Всё это удовольствие, естественно, стоило немалых денег: книги, поездки в Москву, слайды, плёнки, пластинки, ремонт аппаратуры. Домашние роптали. Этот труд требовал массу времени, которое я отнимала у семьи. В довершение клинической картины моей фанатичной ненормальности следует добавить, что до 1998 года все вечера в городской и областной библиотеках я проводила бесплатно. У них не было средств на оплату. Да и то, что мне платили потом – пол-ставки, нельзя было назвать деньгами, почти все они уходили на подготовку вечеров.

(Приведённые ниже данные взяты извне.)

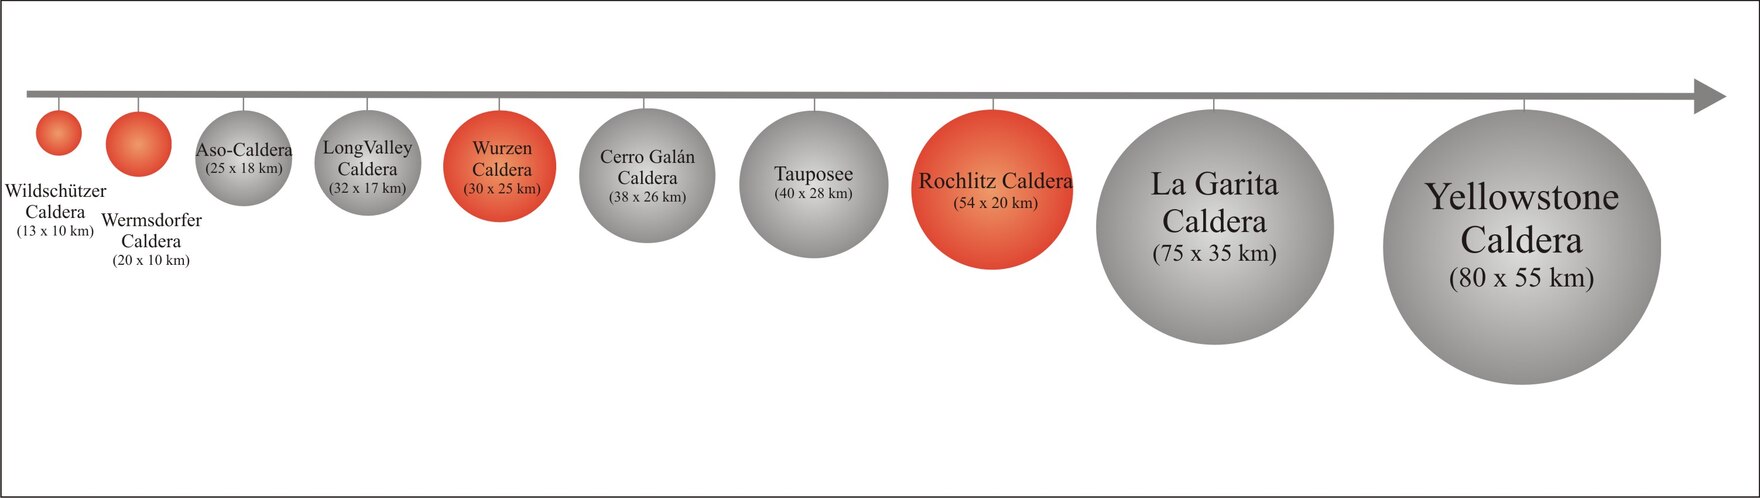 Das Bild zeigt einen schematischen Größenvergleich der Caldera des permischen Nordsächsischen Vulkanitkomplexes mit jenen der großen Supereruptionen des Känozoikums. Die Calderensysteme Nordsachsen sind farbig hervorgehoben.

Но главная трудность была не в этом.

Главная трудность была в том, чтобы осуществить всё, что я подготовила, донести всё это богатство до слушателя. Вот тут начинались всевозможные подводные камни. Ибо для того, чтобы слушатели узнали о моём вечере и пришли на него, нужно было дать объявление в газете. Люди ведь не телепаты, как они узнают об этом сами? Для других лекторов проблем с этим не было: есть специальная рубрика «Приглашение» в газете «Саратов», есть «Курьер» в «Саратовских вестях». Мне же каждое объявление давалось с кровью, с ужасной трёпкой нервов.

Помню, сколько труда стоило пробить первое объявление об абонементах на мои вечера. Слово «абонемент» привычно ассоциировалось у ответственных лиц с деньгами за них. И, невзирая на слова «вход свободный» и уверение работников библиотеки, что я веду все вечера бесплатно, за объявление требовали мзду.

Корреспондент газеты «Саратов» Гуревич потребовал уплатить в казну 100 тысяч (деньги 90-х гг). И директор библиотеки уже отдала распоряжение в отношении этих денег. Я едва успела их остановить. Представила себе: десять вечеров, и за каждое объявление – по 100 тысяч, это миллион. Платить миллион неведомо за что, в то время как я, несущая одна все расходы и затраты, не получаю ни копейки?! Эта чудовищная нелепость не укладывалась в голове. Пришлось нажать на все рычаги, подключить знакомых, выйти на главного редактора (тогда им был Сергиевский), причём к нему ходили по этому поводу трижды. И только тогда нам милостиво было сообщено: да, действительно, объявления о культуре даются бесплатно.

Что это? Оплошность молодого и неопытного журналиста? Но это был не единичный случай.

Когда я впервые позвонила с этой же просьбой на радио и попала на Ёлшину, та мне буркнула: «Все объявления у нас платные». Хотя прекрасно знала, что я не экстрасенс и никаких доходов со своих полных залов не имею.

 

В «Кому что» первое время давали объявления, потом перестали. Я позвонила редактору Н. Дегтярёвой. Она завелась с пол-оборота:

– Твои претензии!

– Какие претензии? Я только хотела узнать, почему нет…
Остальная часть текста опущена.